Content starts

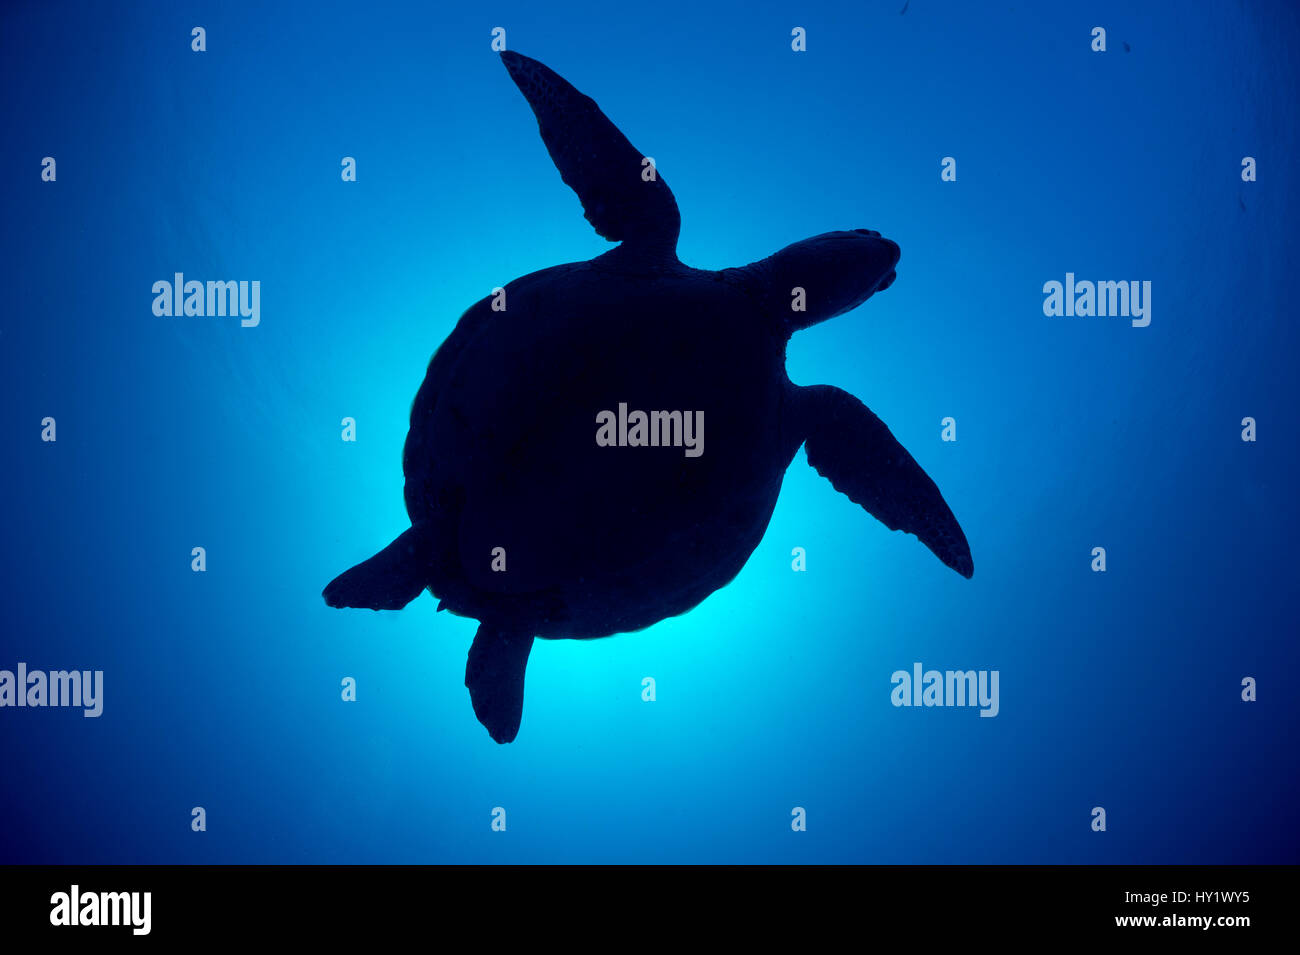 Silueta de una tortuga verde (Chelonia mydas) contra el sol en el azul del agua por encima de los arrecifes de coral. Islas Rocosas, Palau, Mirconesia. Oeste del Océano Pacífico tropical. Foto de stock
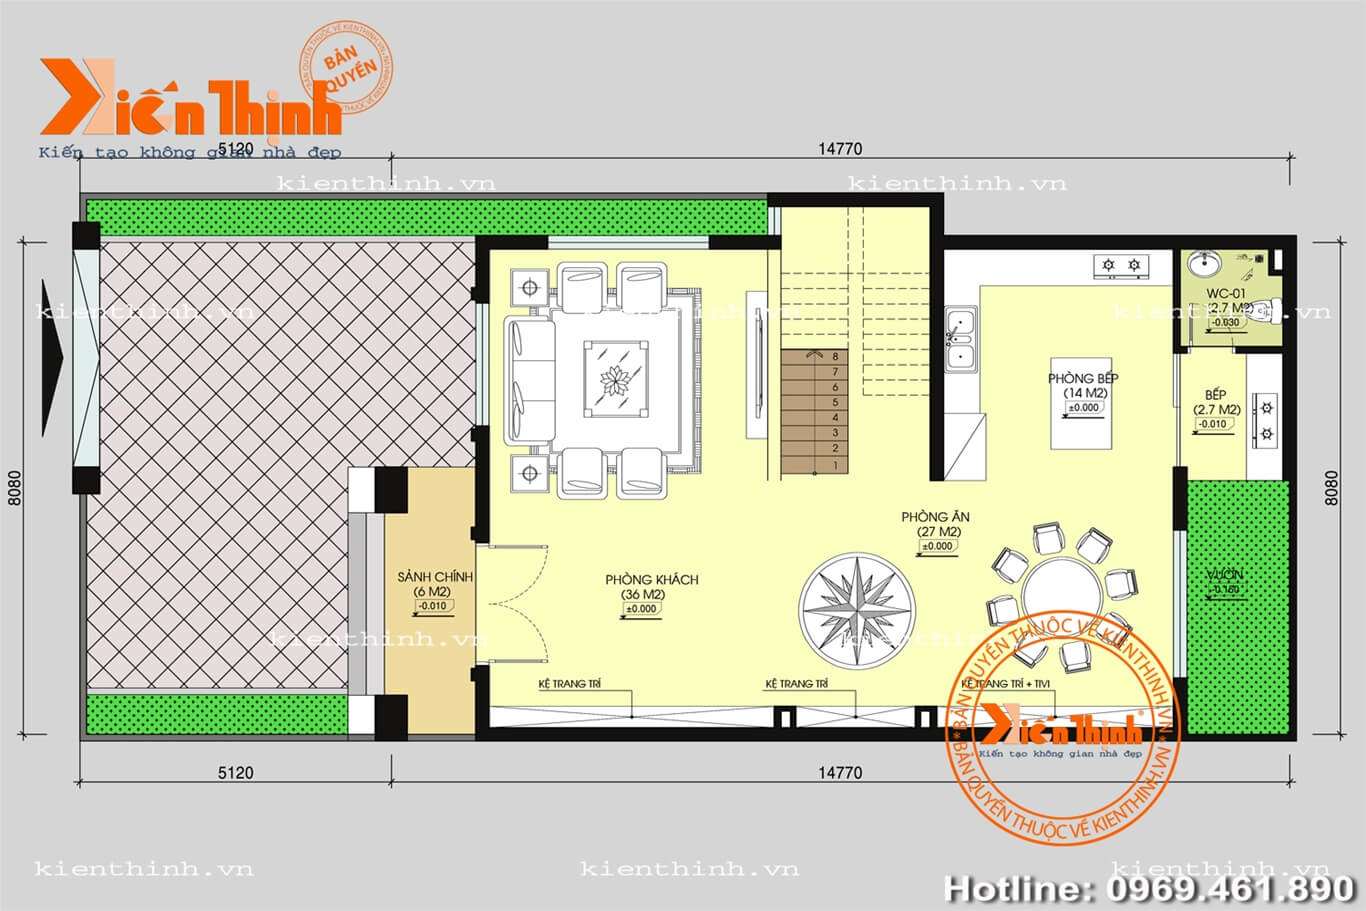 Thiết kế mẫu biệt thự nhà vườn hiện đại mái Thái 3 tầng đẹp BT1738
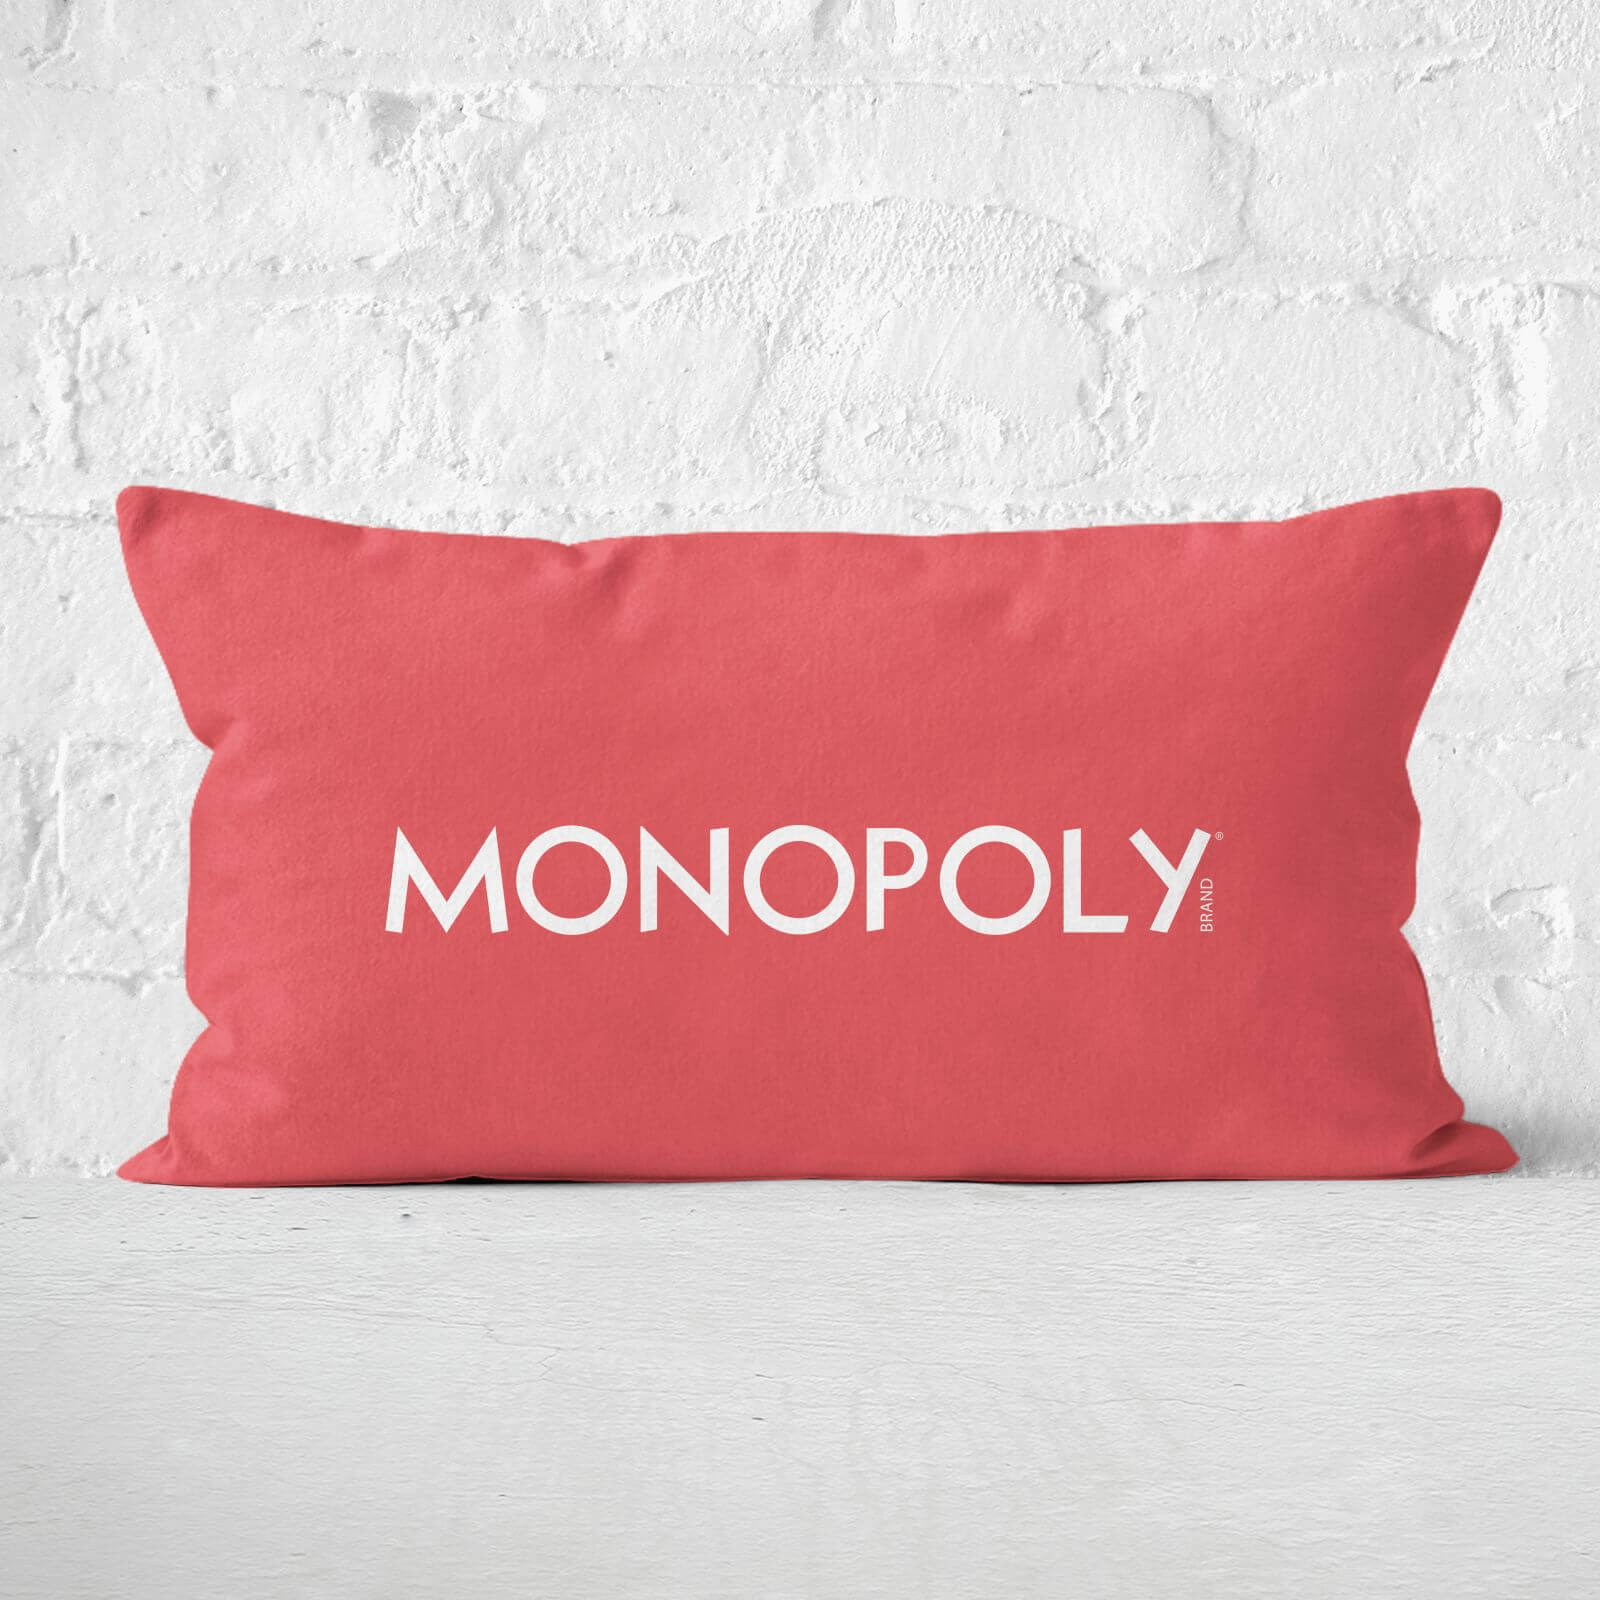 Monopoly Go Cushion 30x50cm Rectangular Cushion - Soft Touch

Content ends

• WHAT IS EXPECTED
The range to transcribe runs from the line holding "Thiết kế mẫu" through the final line of the data above; copy it exactly and exclude the pictures.

• ANSWER FOR THE TASK
 Thiết kế mẫu biệt thự nhà vườn hiện đại mái Thái 3 tầng đẹp BT1738
 Monopoly Go Cushion 30x50cm Rectangular Cushion - Soft Touch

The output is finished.